Она смеялась так, что тряслась кровать.

– Нельзя верить тому, что вы пишете в своих газетах! – заверила она, заикаясь и икая от радости. – Представь себе, что я тебя обманула!

Смех ее просочился через окно и заставил затрястись и зазвенеть металлические погремушки, висевшие на дереве рядом с молельней. Она смеялась так громко, что ее услышал младенец в доме старшей сестры шамана, замахал своими крохотными кулачками и тоже засмеялся. Не понимая, что привело в восторг ребенка, шаман захихикал. Медведь с пониманием задышал; он бы тоже засмеялся, если бы мог. Двоюродная сестра шамана встретилась взглядом с Лиззи, и обе покатились со смеху. Даже молодая мать в своей постели из оленьих шкур улыбнулась во сне.

Смех Феверс вливался в щели оконных рам и дверных проемов каждого дома в деревне; жители шевелились в постелях и смеялись над шуткой вторгшейся в их сон, от которой наутро осталось только воспоминание о доставленной радости Она смеялась, смеялась и смеялась.

Казалось, смех этой счастливой молодой женщины поднимался из дикой пустыни в виде смерча, который несся над Сибирью. Он щекотал бока спящим жителям городка Р., проникал в контрапункт музыки в доме Маэстро; жительницы Республики свободных женщин ощущали его как освежающий ветер. Его эхо достигло Полковника и Беглеца, уютно устроившихся в вагоне по пути в Хабаровск, и вызвало на их лицах смущенные улыбки.

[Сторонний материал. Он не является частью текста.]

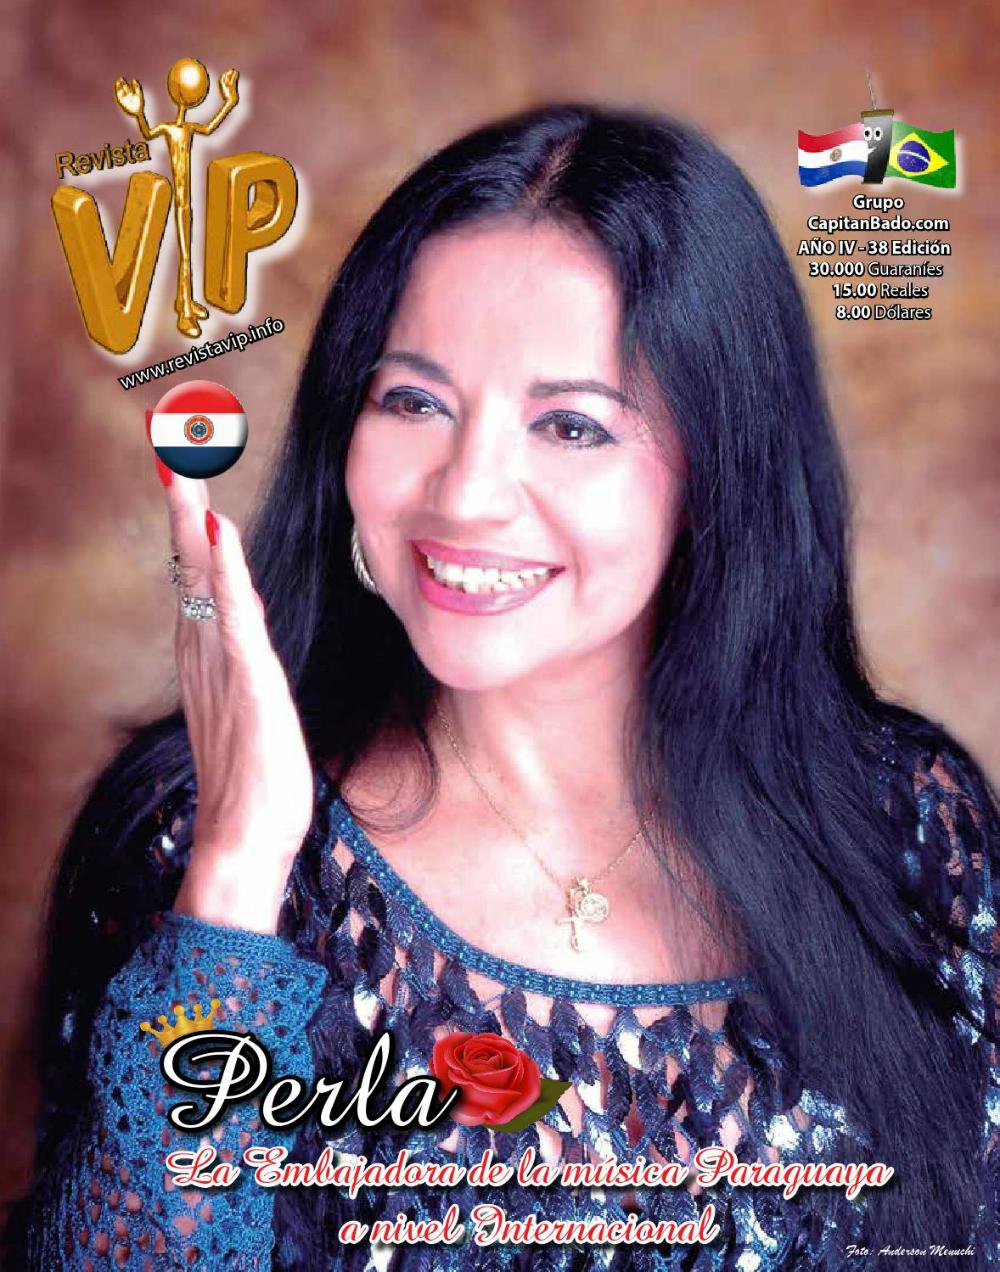 Vip 38 Paraguay

Вращающийся с безумной скоростью смерч смеха Феверс встряхнул весь земной шар, словно неожиданный ответ разворачивавшейся на нем исполинской комедии, пока не засмеялось все, что живет и дышит. Или так показалось обманутому мужу, который понял, что тоже смеется, не уверенный в том, не он ли стал предметом смеха. Немного успокоившись, Феверс присела перед Уолсером на корточки и стала покрывать его лицо поцелуями. Как же он ей нравился!

– Подумать только, ведь я тебя все-таки обманула! – восторженно произнесла она. – Это доказывает, что верить нельзя никому.